> Task goal:
The answer must be only the lines below from the one holding "Smartwool Merino Sport" down to the one holding "Mama fetei care", ends included, printed exactly; please omit all pictures.

> Record set:
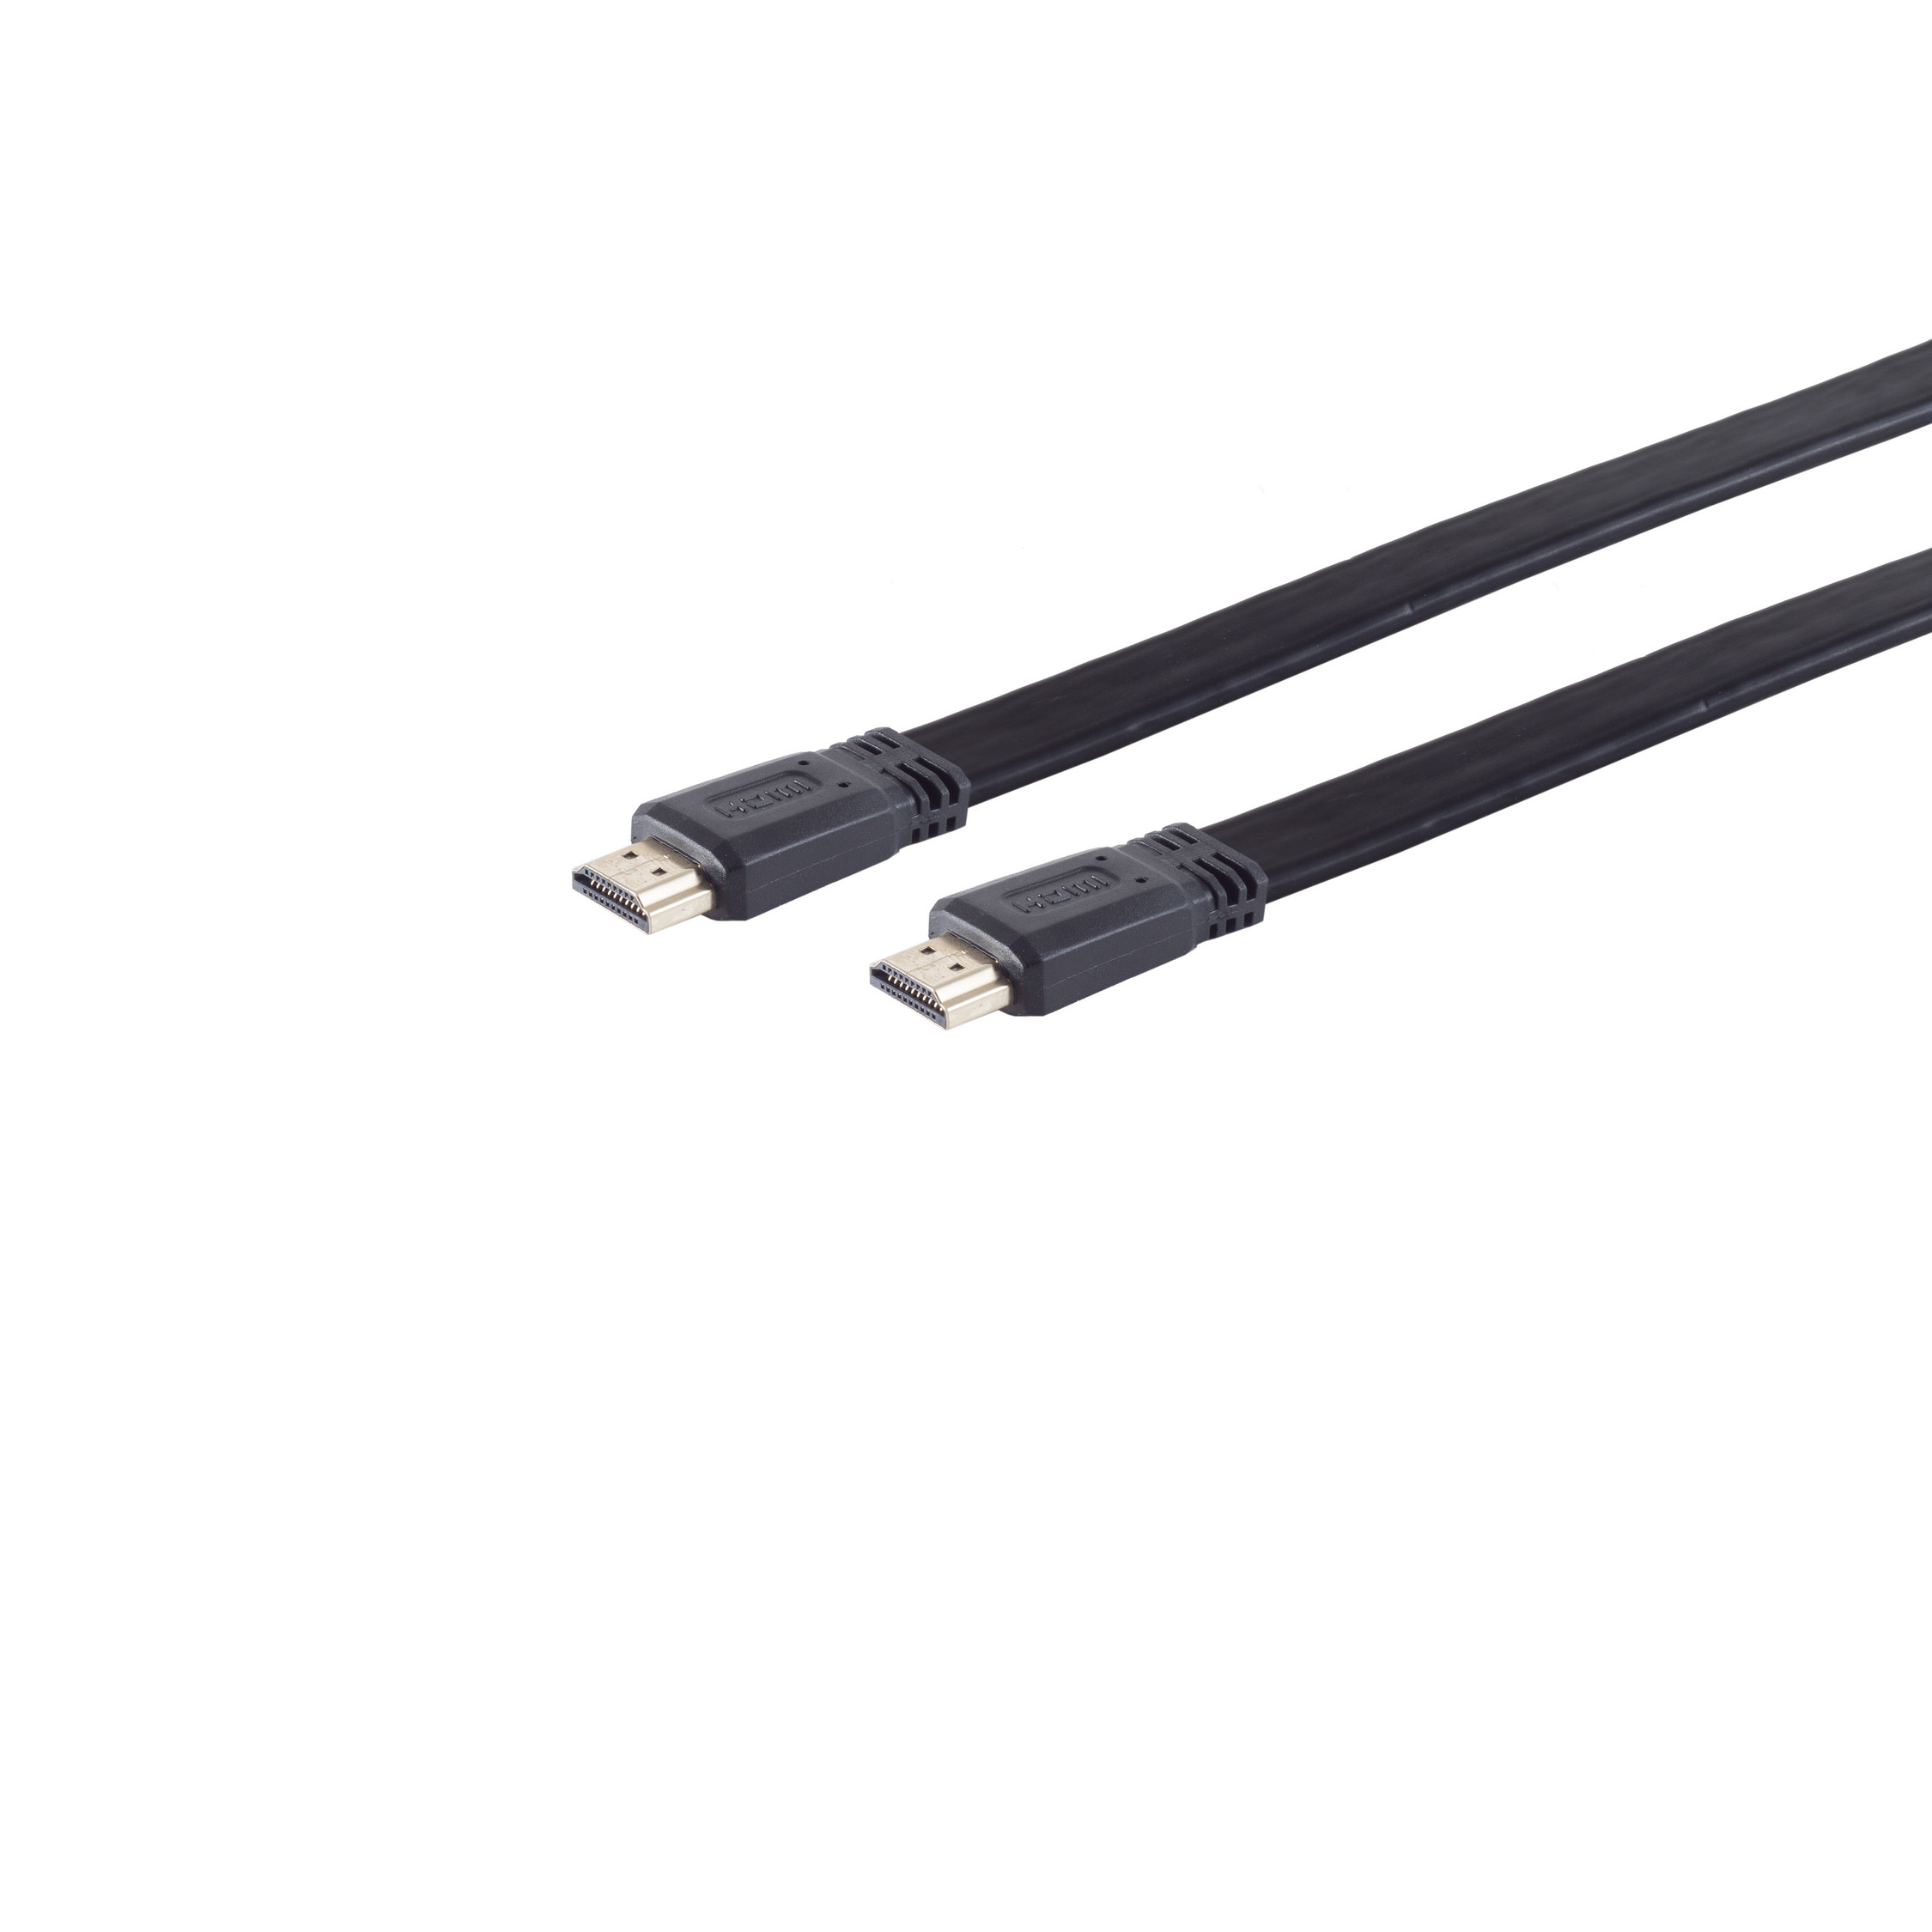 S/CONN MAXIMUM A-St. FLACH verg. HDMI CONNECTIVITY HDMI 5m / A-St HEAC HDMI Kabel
==
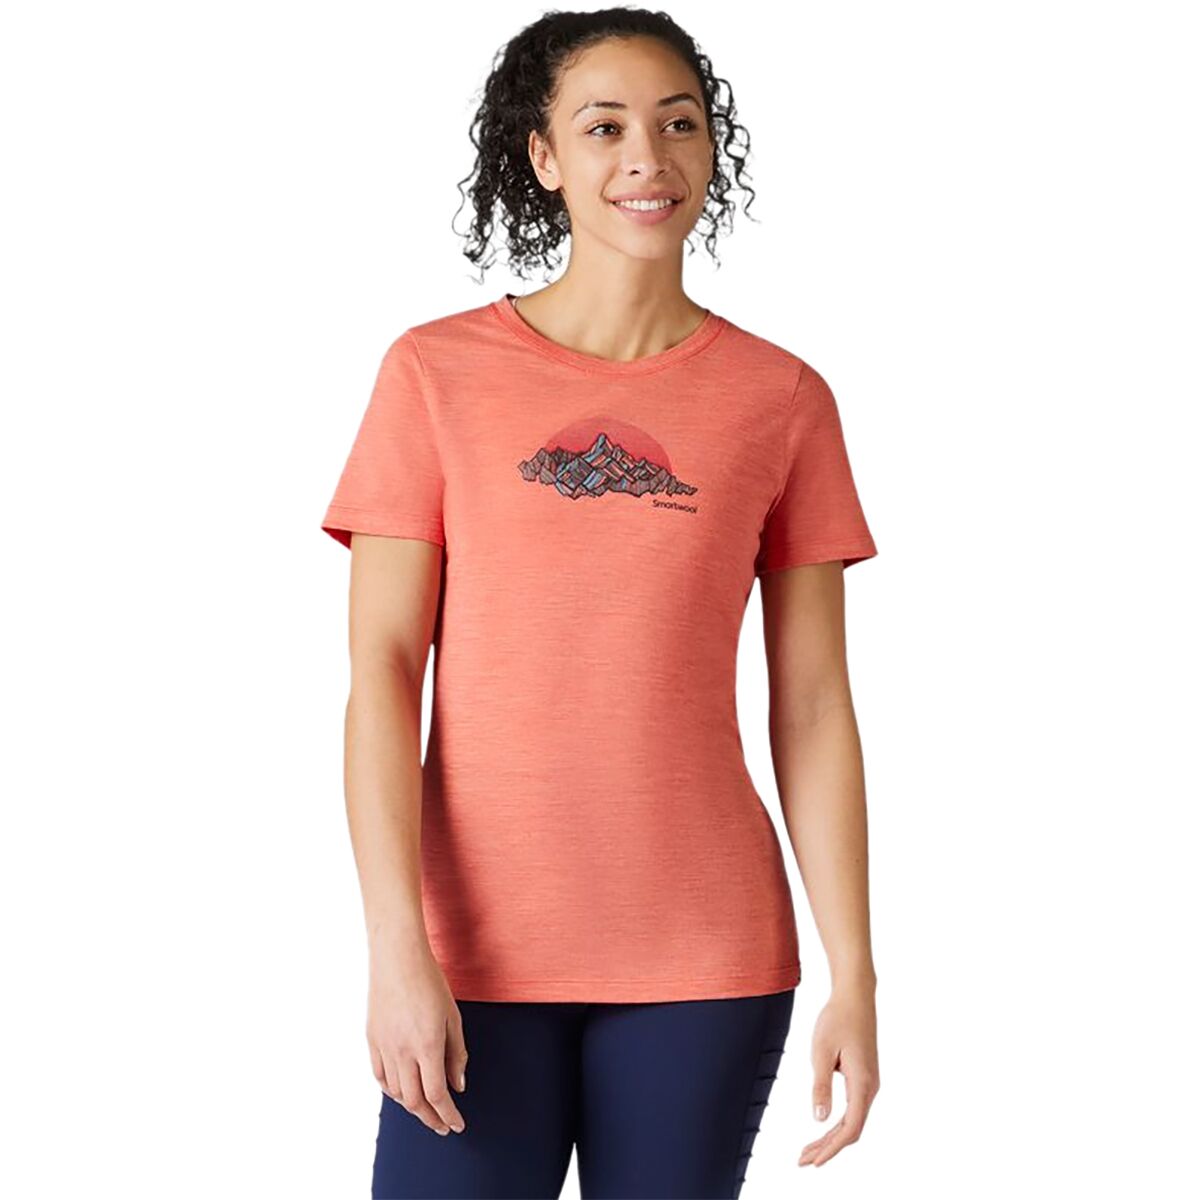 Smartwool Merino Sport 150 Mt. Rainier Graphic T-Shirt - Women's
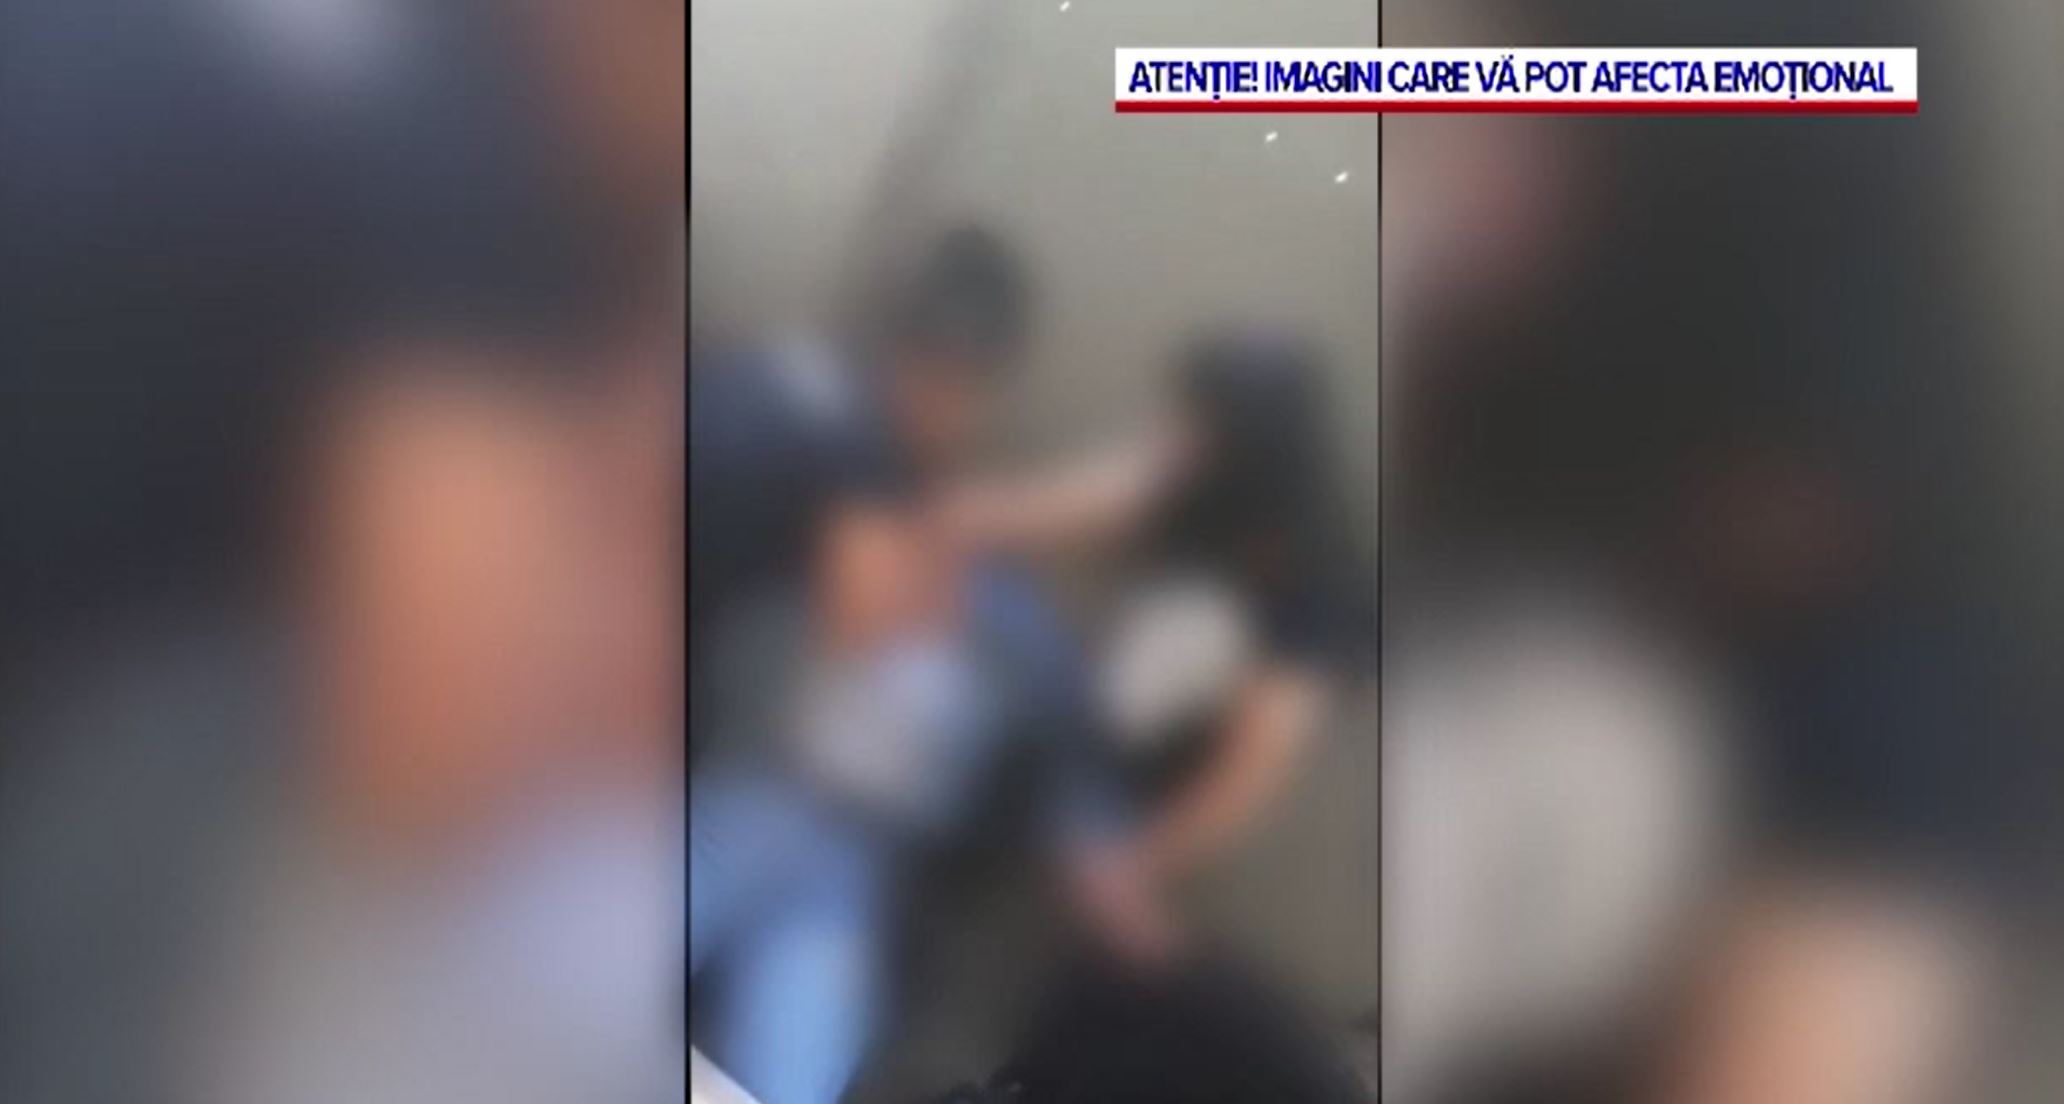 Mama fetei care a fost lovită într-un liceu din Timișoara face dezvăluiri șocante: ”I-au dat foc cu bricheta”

> Output of the task:
 Smartwool Merino Sport 150 Mt. Rainier Graphic T-Shirt - Women's
 Mama fetei care a fost lovită într-un liceu din Timișoara face dezvăluiri șocante: ”I-au dat foc cu bricheta”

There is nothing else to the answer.